Jan Manarite has made a career out of listening. For more than 15 years, she has been the calm voice on the other end of the line for caregivers and patients trying to make sense of a prostate cancer diagnosis. Manarite has always been composed under pressure, she says, but it was her experience over 13 years of searching for treatments for her husband that gave rise to a calling as a patient advocate.
“I have this thing where I can handle a crisis. I can break it all down,” says Manarite. She was a restaurant manager when her 58-year-old husband, Dominic, was diagnosed with metastatic prostate cancer in 2000.
Manarite still recalls the day she suggested a treatment that the doctor hadn’t thought of. Over the course of Dominic’s illness, Manarite kept a running log of her husband’s medications, 23 pages of detailed information that she revisited hundreds of times to try to find patterns that might provide options to ultimately extend his life. “I did it for my son’s sake. He was only 9 years old when my husband was diagnosed. I wanted my son to have a father for as long as possible,” she says.
Over the years of treatments, Dominic continued to work as a fishing guide. He also saw some of his dreams fulfilled: watching his son run onto the field to play on the high school football team and later attending his son’s high school graduation. Dominic died in 2013.
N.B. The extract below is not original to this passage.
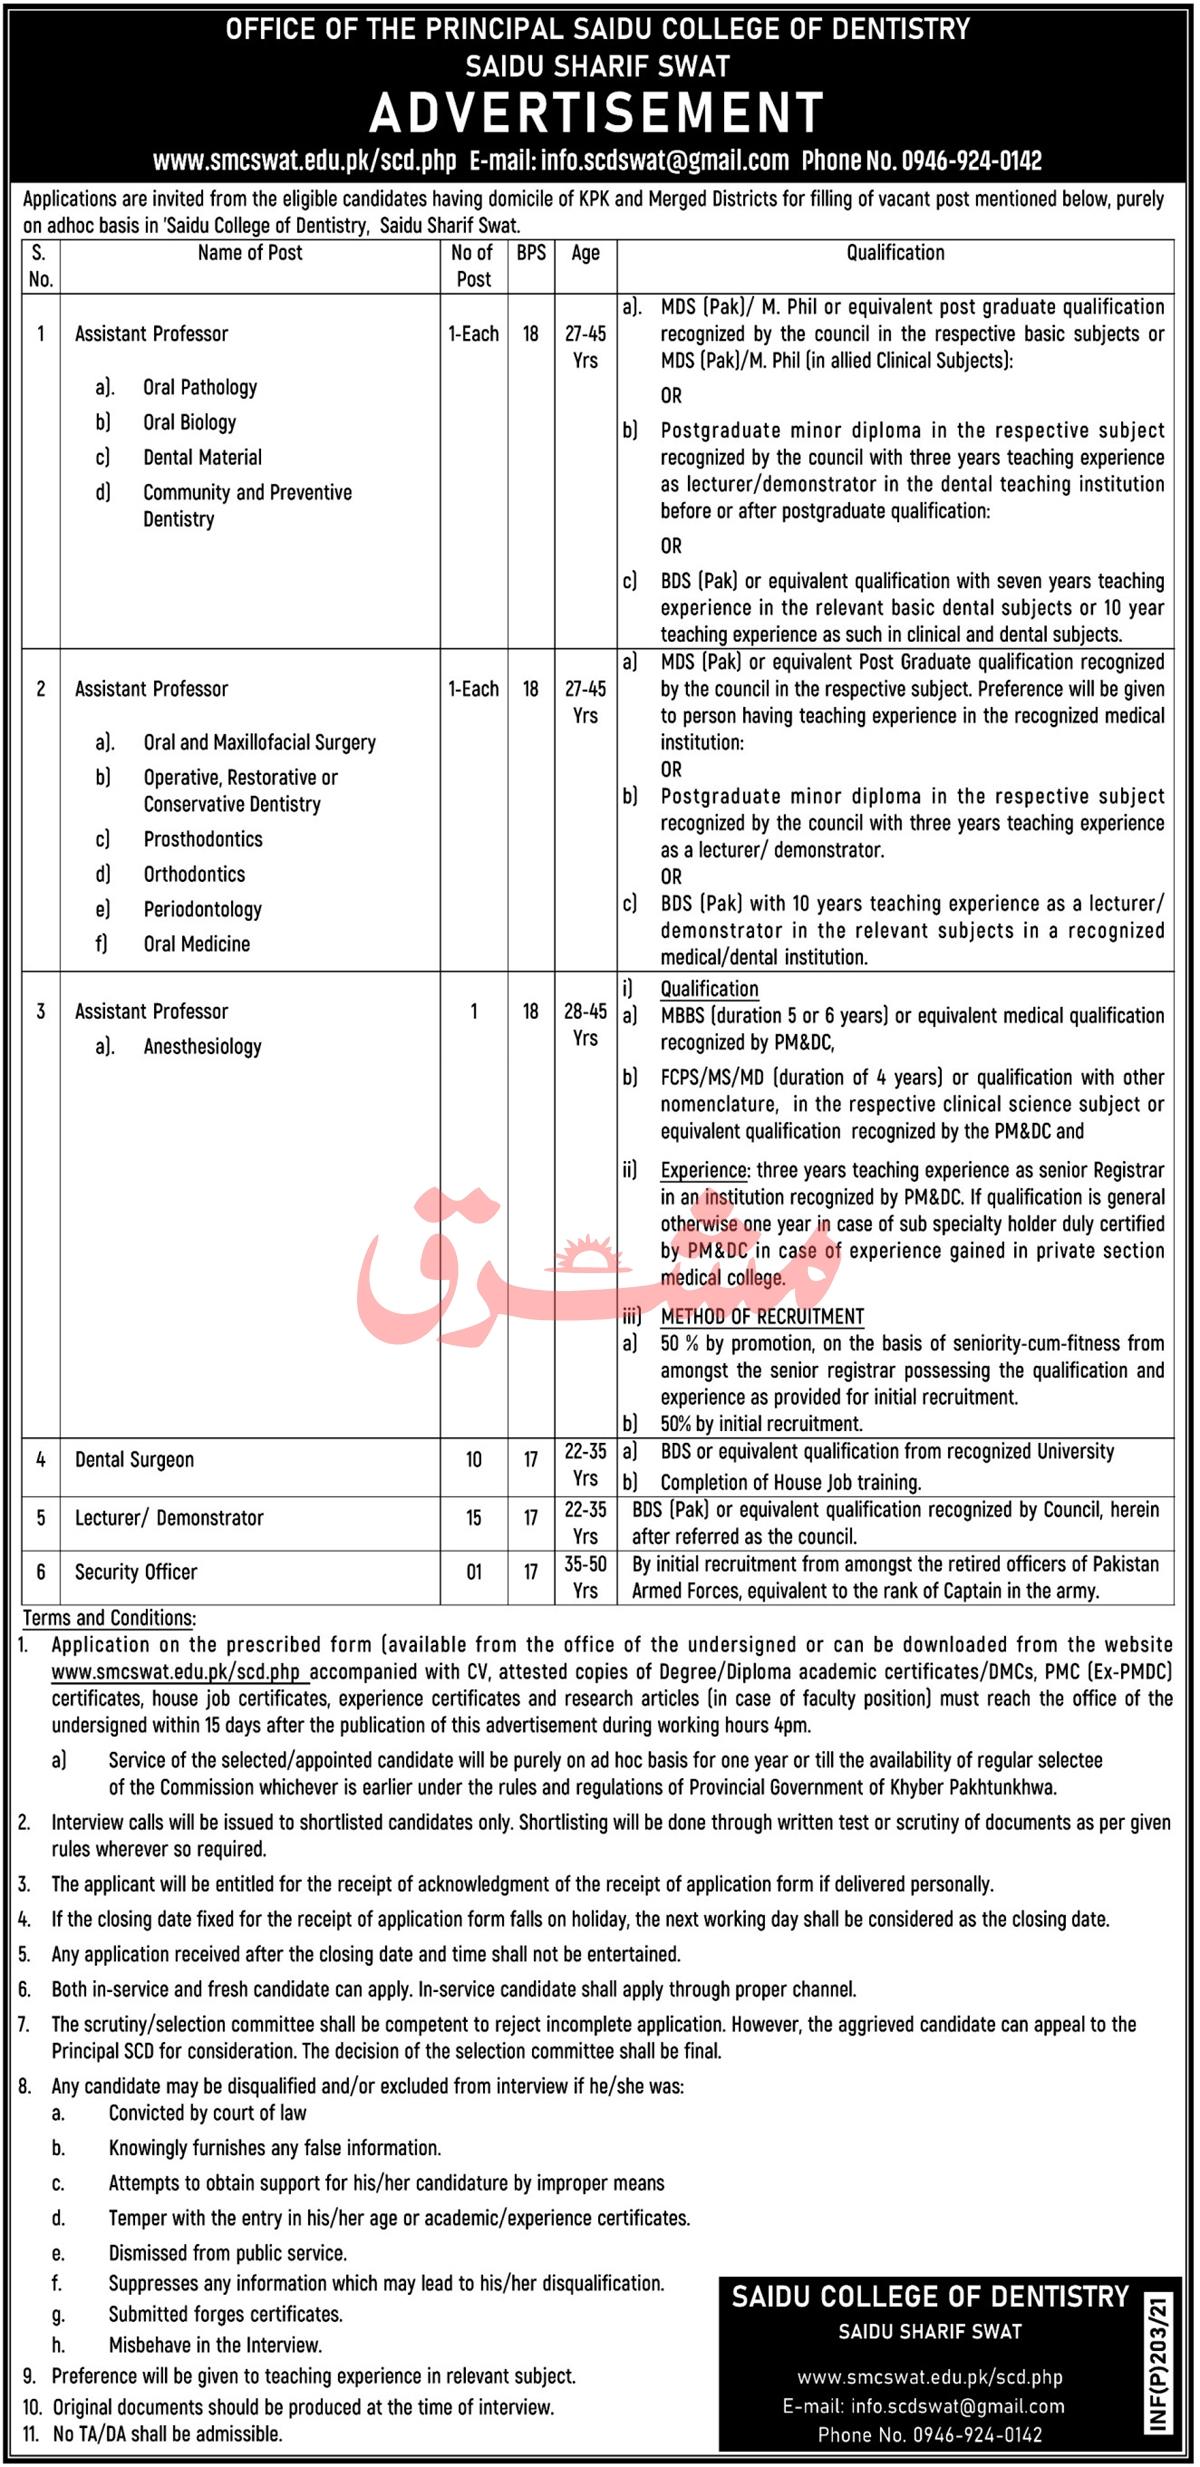 Saidu College of Dentistry Saidu Sharif Swat Jobs 2021 - Download Job Application - www.smcswat.edu.pk/scd.php

During the dizzying days of helping her husband through treatment, Manarite found comfort and support from the Prostate Cancer Research Institute, an educational organization that works to increase awareness of research and treatments for patients. In 2001, she started working for PCRI, responding to patient emails and eventually answering calls for the organization’s patient help line.
Today, Manarite, who lives in Fort Myers, Florida, continues to spend time talking to patients and caregivers in her role as the executive vice president of a small nonprofit called Prostate Cancer International (PCI). She also organizes patient conferences and helps manage PCI’s online community. Recently, Manarite spoke with Cancer Today about some steps that patients can take to make informed decisions.
CT: What are some of the common questions patients have about prostate cancer?
Manarite: Most people just want to understand what they have. They don’t really have an understanding of what kind of cancer they have because every prostate cancer is different. For a lot of them, that is really all they need to know.
CT: How can people start to understand more about their cancer?
Manarite: The first step is getting your medical records. You have to know your pathology, your Gleason score and PSA [prostate-specific antigen] levels, which all help you to determine the type of prostate cancer you have, and that’s in your medical records. Until you know what you have, you’re not ready to ask questions. If you know you are low risk, for example, you can focus your research on low-risk prostate cancer. I have a phrase I say all the time: “Medical records speak. Listen to what they are saying to you.”
CT: How does one understand what medical records are saying?
Manarite: Look at the records and continue to revisit them. Circle five or 10 big words and Google them. I invented a five-step program for the newly diagnosed which breaks everything down. You might see lymphadenopathy, for example, which is a fancy word for an enlarged lymph node. If you Google it, you’ll get it right away. Medical records provide the foundation for your decisions. The more you know, the more empowered you become. And that leads to shared decision making with your doctor.
CT: What other steps can patients take to become more informed?
Manarite: Go online and find people who are going through [the same thing you are]. Now you are finding people who are talking about their treatments and you can plug into existing social networks. You can ask questions.
CT: Given that your husband lived for 13 years with metastatic cancer, what are your thoughts about survival statistics?
Manarite: The problem is that the statistics are outdated because it takes so long to measure them. You can be looking at data that’s five or 10 years old. And when doctors talk about these statistics and underquote people, they steal the patient’s involvement in shared decision making. That’s because [unfavorable survival statistics] can discourage patients from even bothering to do research or seek further treatment. There are always examples of people living well beyond what they are told. None of us really know how long we have, and that’s important to remember no matter what the numbers say.